Le grand continent, Guerre technologique : 10 points sur les semi-conducteurs, www.legrandcontinent.eu

Wang A., La guerre des semi-conducteurs sino-américaine : la messe est-elle dite, CONFLICT, revue géopolitique, octobre 2022

https://www.lefigaro.fr/international/scholz-critique-pour-un-projet-de-vente-partielle-a-la-chine-du-port-de-hambourg-20221020

https://www.reuters.com/markets/chinese-investments-part-influence-strategy-german-econ-minister-2022-11-09/

https://www.independent.co.uk/news/world/europe/china-ap-germany-olaf-scholz-cabinet-b2221167.html

https://portail-ie.fr/short/4120/allemagne-le-gouvernement-federal-favorable-au-rachat-du-fabricant-de-semi-conducteurs-elmos-par-la-chine

https://www.lesnumeriques.com/vie-du-net/semi-conducteurs-pourquoi-l-allemagne-vient-elle-de-bloquer-la-vente-d-une-usine-a-la-chine-n195921.html

https://www.01net.com/actualites/semi-conducteurs-les-usa-veulent-priver-la-chine-des-precieuses-machines-neerlandaises.html

https://www.rts.ch/info/monde/13499595-la-chine-accroit-son-pouvoir-economique-et-lallemagne-sa-dependance.html

Notes

[i] La Chine a prévu de dépenser 1.400 milliards de dollars entre 2020 et 2025 pour les technologies avancées y compris les semi-conducteurs, Michael Sinclair, Transport Intelligence, 10 février 2022 cité par Wang A. revue géopolitique Conflicts, octobre 2022.

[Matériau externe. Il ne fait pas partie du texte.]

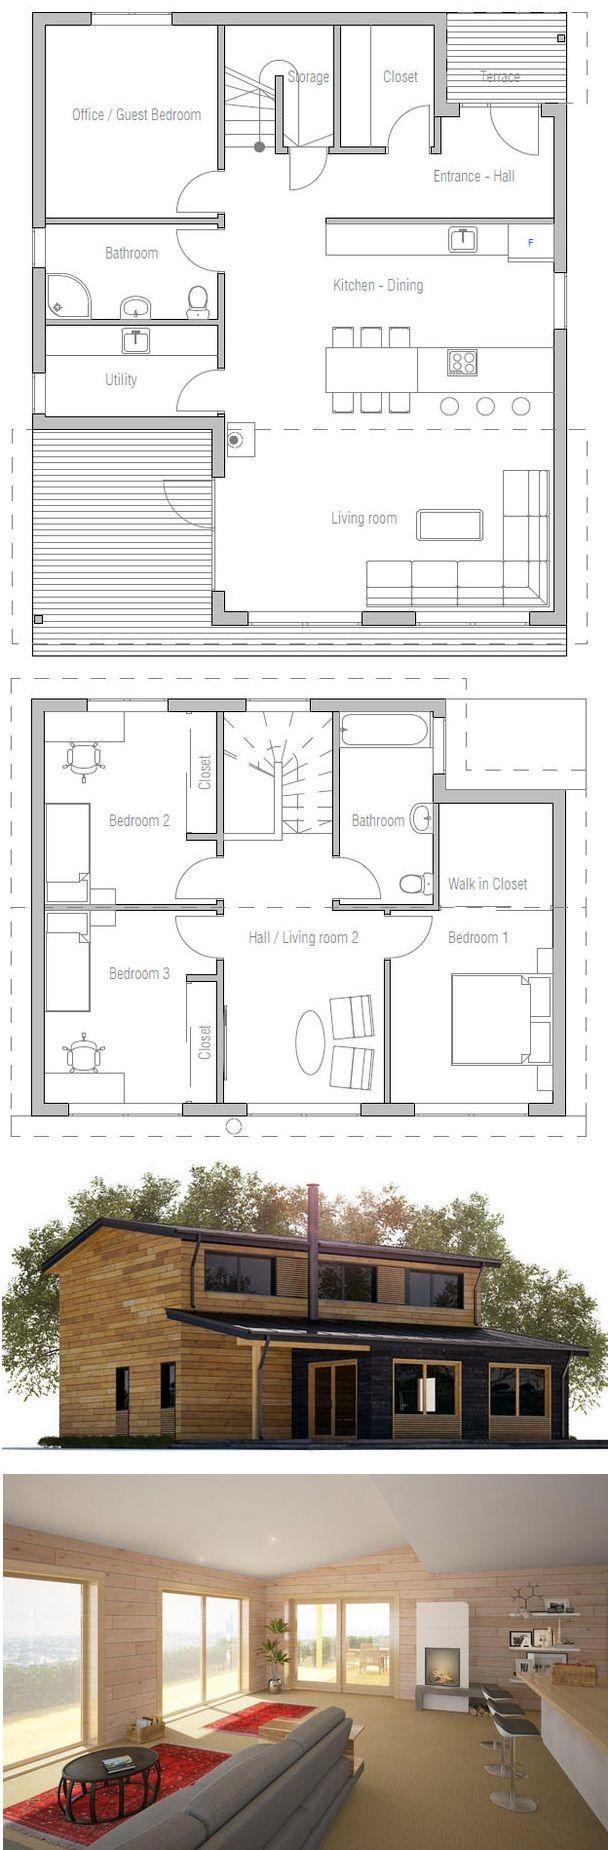 1000+ images about architektur errace, Vaulted ...

[ii] Selon une étude de l’OCDE, quatre sociétés de semi-conducteurs soutenues par l’Etat ont reçu entre 2014 et 2018, 4,85 milliards de dollars de prêts aux taux inférieurs aux conditions du marché, Michael Sinclair, Transport Intelligence, 10 février 2022

[iii] Pour soutenir la production locale de semi-conducteurs, le Président Biden a signé 28 juillet 2022, l’initiative « Chips & Science Act » dotée d’un budget de 280 milliards de dollars dont 52 milliards de subventions pour la construction des usines de fabrication de semi-conducteurs sur le sol américain.

[iv] Jan Mertens Lafay, Les échanges commerciaux entre l’Allemagne et la Chine : concurrents ou partenaires ? revue Allemagne d’aujourd’hui, n°237 (2020 :1)

[v] Les entreprises chinoises sont actionnaires dans quatorze ports européens et détiennent la majorité des parts dans six parmi eux.